Easy peasy BBQ Jackfruit Sandwiches, filled with BBQ seasoned Jackfruit, vegan BBQ Sauce and quick no mayo coleslaw.
It’s what summer in the garden with friends is all about! Or winter in front of the fire to be frank!
Cooking With Jackfruit
Jackfruit is a really useful ingredient in the vegan kitchen and is now readily available in cans on supermarket shelves.
Look for canned young Jackfruit in water rather than salty brine or sweet syrup. At a push buy it in brine if you can’t find it in water and give it a good rinse, but jackfruit in syrup is for dessert making and it really won’t work here!

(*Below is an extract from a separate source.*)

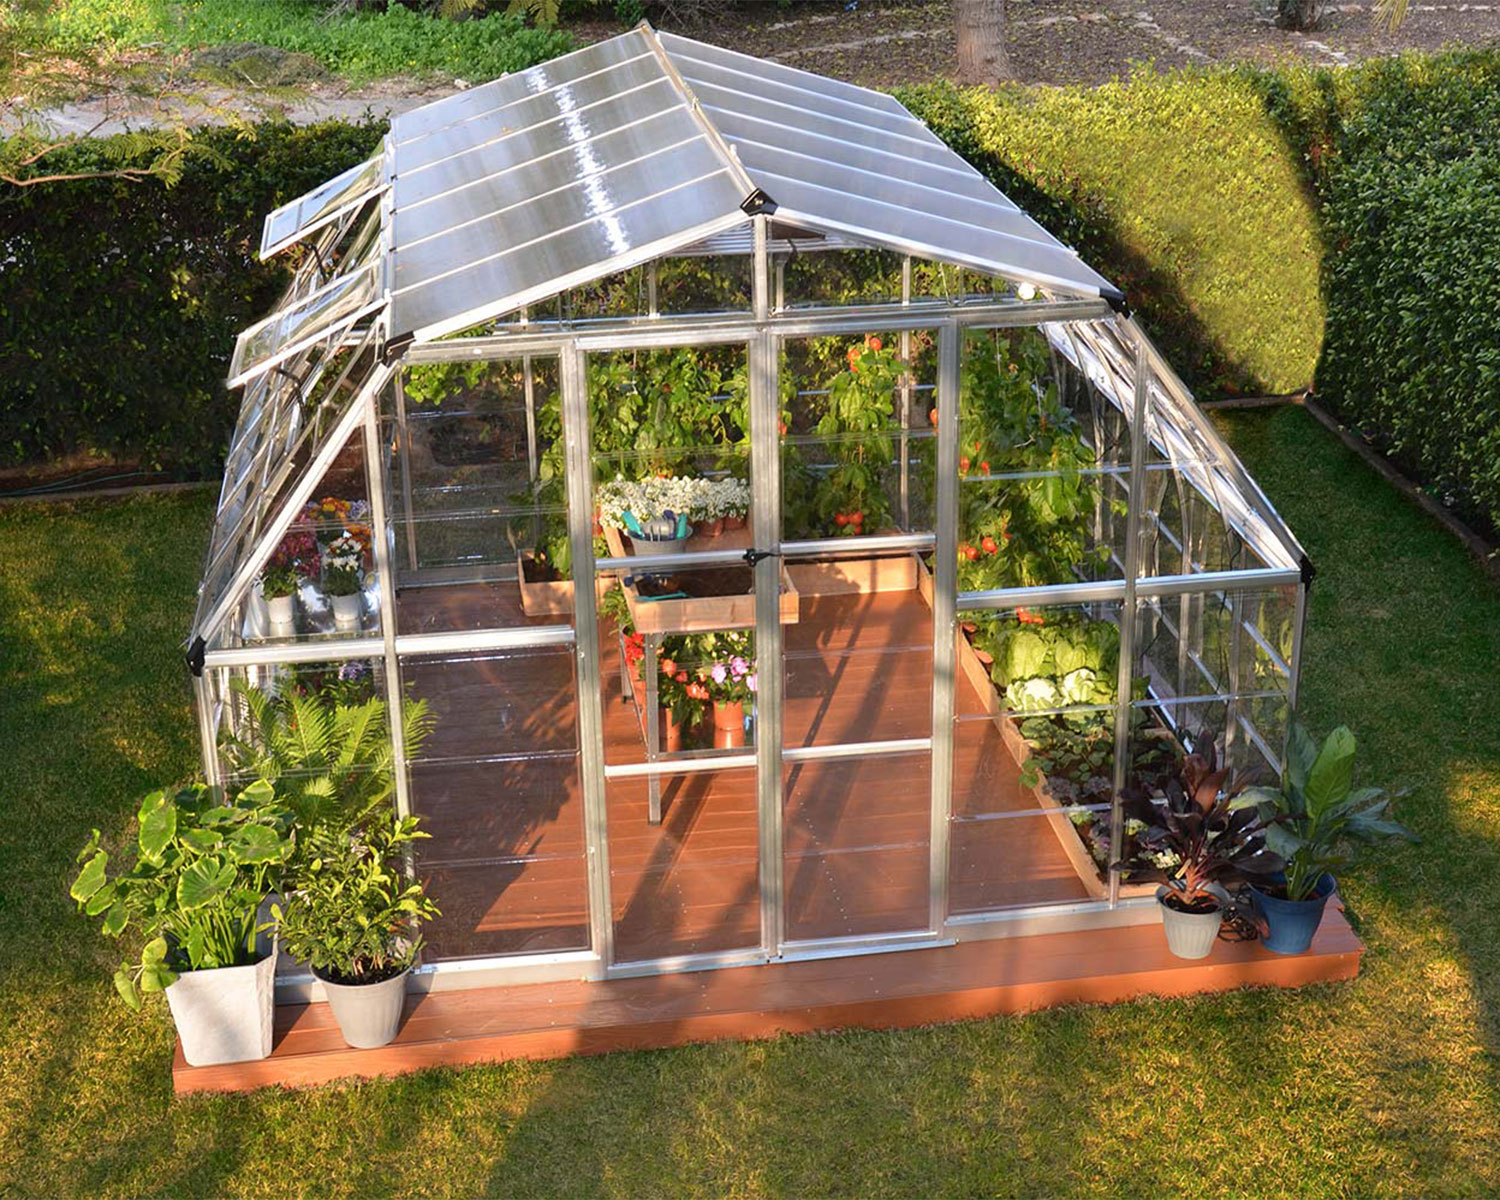 above view of Greenhouse Kit Americana 12 ft. x 12 ft. with clear polycarbonate panels in a garden
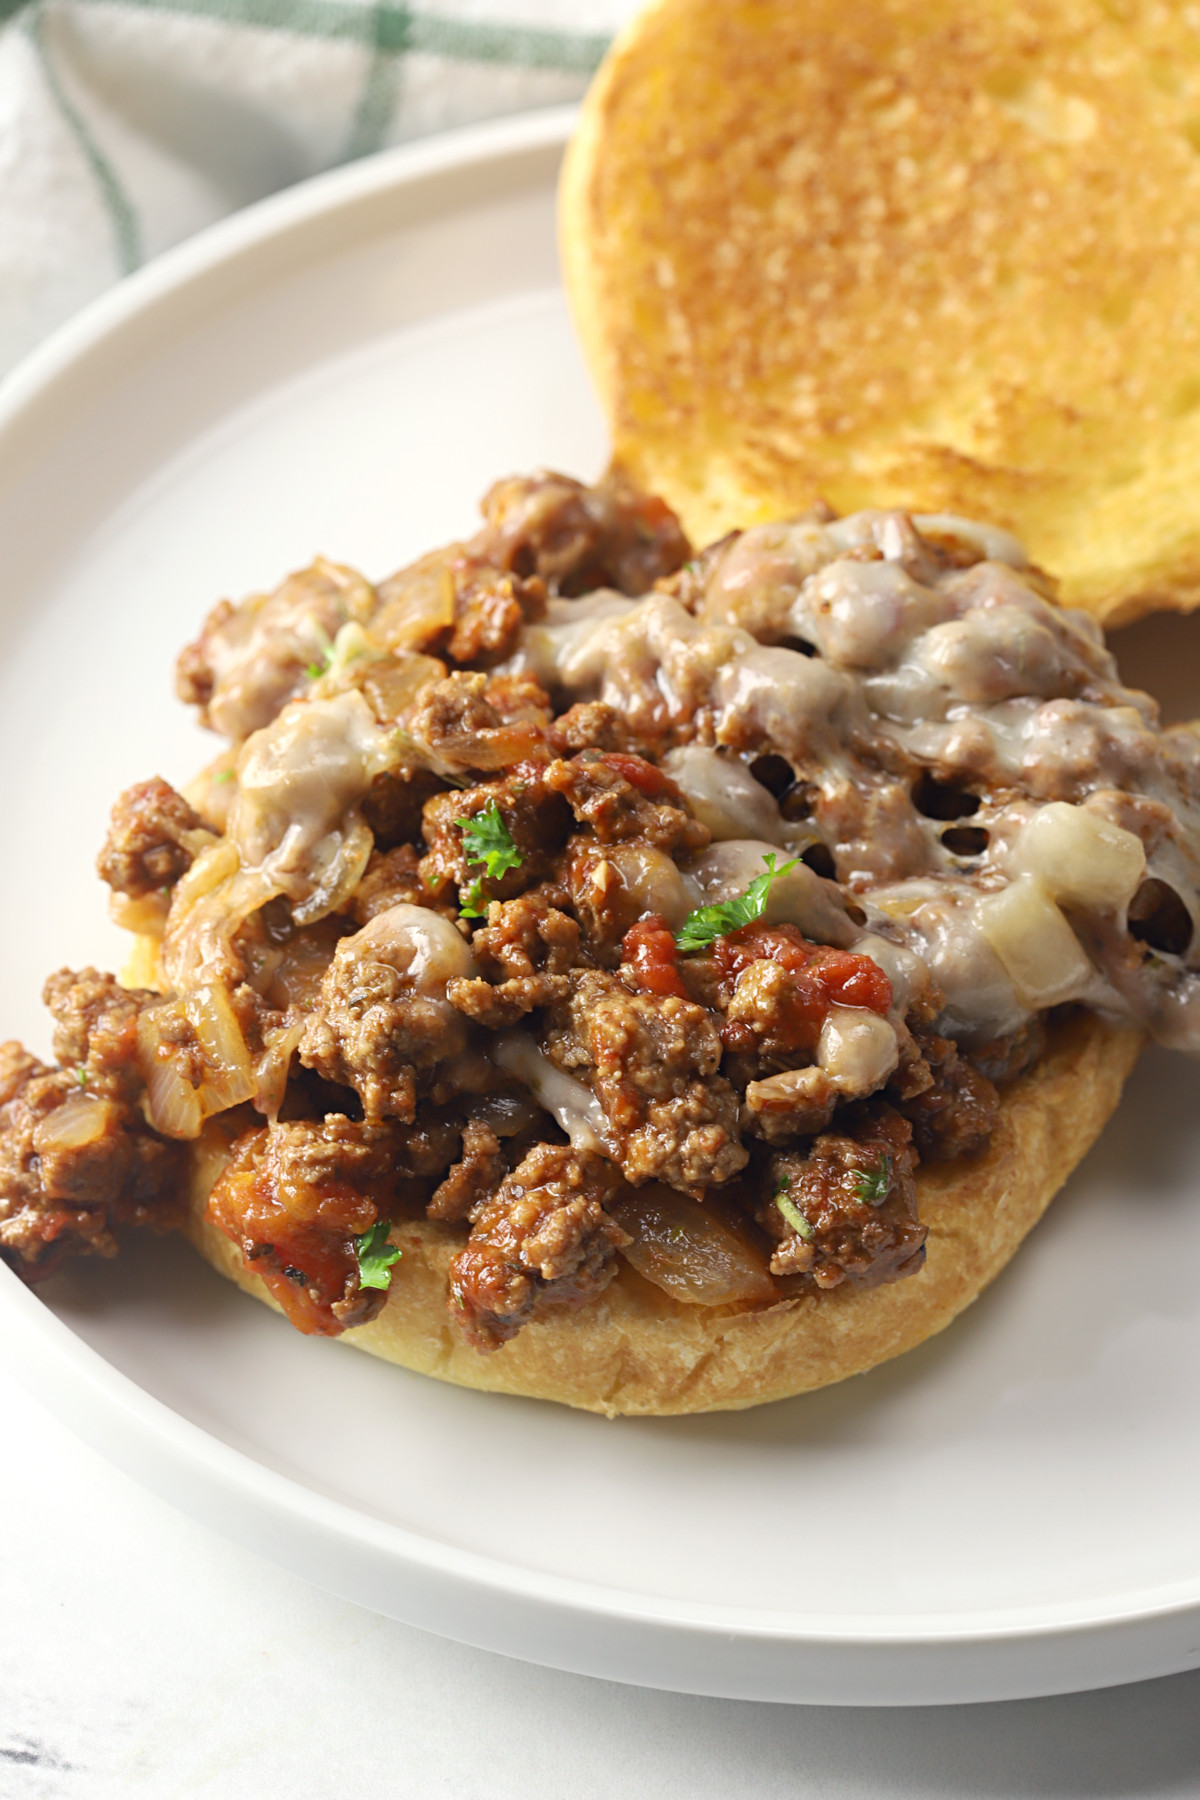 Sloppy joe topped with melted cheese.

Jackfruit has the ability to absorb any flavours you chuck at it as well as a lovely delicate flavour of its own.
It doesn’t taste strongly fruity in any way so it is perfect in savoury dishes.
Best of all jackfruit has a fabulous texture to work with and is brilliant as a meat alternative in lots of recipes.
If you haven’t cooked with it before these easy BBQ Jackfruit Sandwiches are a really good place to start!
I teamed the barbecued jackfruit with a quick homemade no mayo coleslaw and some crunchy little gem lettuce all popped into a soft, seeded bap. Scrumptious!
BBQ Jackfruit Sandwiches
The process for making BBQ Jackfruit is super simple! All you need to do is:
- Fry the onion until soft, add the drained jackfruit and fry a bit more.
- Add the garlic and spices and sizzle a bit.
- Chuck in the BBQ sauce and water and simmer away!
- Top Tip: Poke the jackfruit with your spoon or use a fork to break the pieces up a bit and you’ll get the lovely textures you can see below!
Red Cabbage Slaw
I made up the red cabbage slaw while the jackfruit was doing its thing and we were eating our BBQ jackfruit sandwiches within 30 minutes of me donning an apron!
Thinly slice red cabbage, green cabbage, carrots and red onion, toss in a little apple cider vinegar, a splash of olive oil, some salt and pepper to taste and you’re done!
Make It Super Easy
I had already made a batch of homemade vegan BBQ sauce so I used that. It only takes about 20 minutes to make BUT, if you’re in a sandwich rush make it even easier by using a shop-bought sauce! Just check the label to be sure that it’s vegan. Some commercial BBQ sauces contain Worcestershire sauce which is made with anchovies and they simply don’t belong in a sauce. Let the little fishies swim free my friends!
Presenting BBQ Jackfruit Sandwiches
Next layer it up with some green salad leaves, red cabbage slaw or some beetroot salad I love all the colours – a real feast for the eyes as well as the tummy!
Pop its lid on and you’re done!
Storing Cooked BBQ Jackfruit
BBQ Jackfruit is great hot or cold so if you have leftovers pop them in a covered container and refrigerate.
It will allow the flavours to mature even more so day two can be even better than day one!
Eat within a couple of days – if it lasts that long! My youngest is a BBQ jackfruit hoover!
More Vegan BBQ Ideas
If you’re firing up the BBQ you might also like:
- Green Lentil Burgers – these hold together really well on the grill and taste FABULOUS.
- Vegan Bratwurst and Beer Caramelised Onion – full of flavour and perfect for BBQ days.
- No Mayo Potato Salad
- Roast Cauliflower Salad with Sweet Pepper Salsa
BBQ Jackfruit Sandwiches
- 1 tablespoon olive oil
- 1 red onion peeled and thinly sliced
- 400 g can jackfruit in water drained (250g drained weight)
- ½ teaspoon fennel seeds
- ½ teaspoon cumin seeds
- 1 garlic clove peeled and crushed
- ½ teaspoon paprika
- ½ teaspoon smoked paprika
- ½ teaspoon salt
- 100 g vegan BBQ sauce
- 120 ml water
- 4 soft bread rolls
- red cabbage slaw optional
- shredded lettuce leaves optional
- vegan BBQ sauce or mayo optional
- Heat the olive oil in a large frying pan.
- Add the red onion and fry gently for 5 minutes until softened.
- Add the drained jackfruit and fry for a further minute or two to remove the last of the water.
- Poke the jackfruit with your spoon or use a fork to break the pieces up a bit.
- Add the fennel and cumin seeds, garlic, paprikas and salt, stir to coat the jackfruit and fry for a minute.
- Add the BBQ sauce and the water. Bring to a boil then simmer with the lid on for 15 minutes.
- Remove the lid and simmer until almost all of the liquid has evaporated.
- Taste and adjust seasoning if required.
- Serve in soft bread rolls topped with salad leaves and red cabbage coleslaw if liked.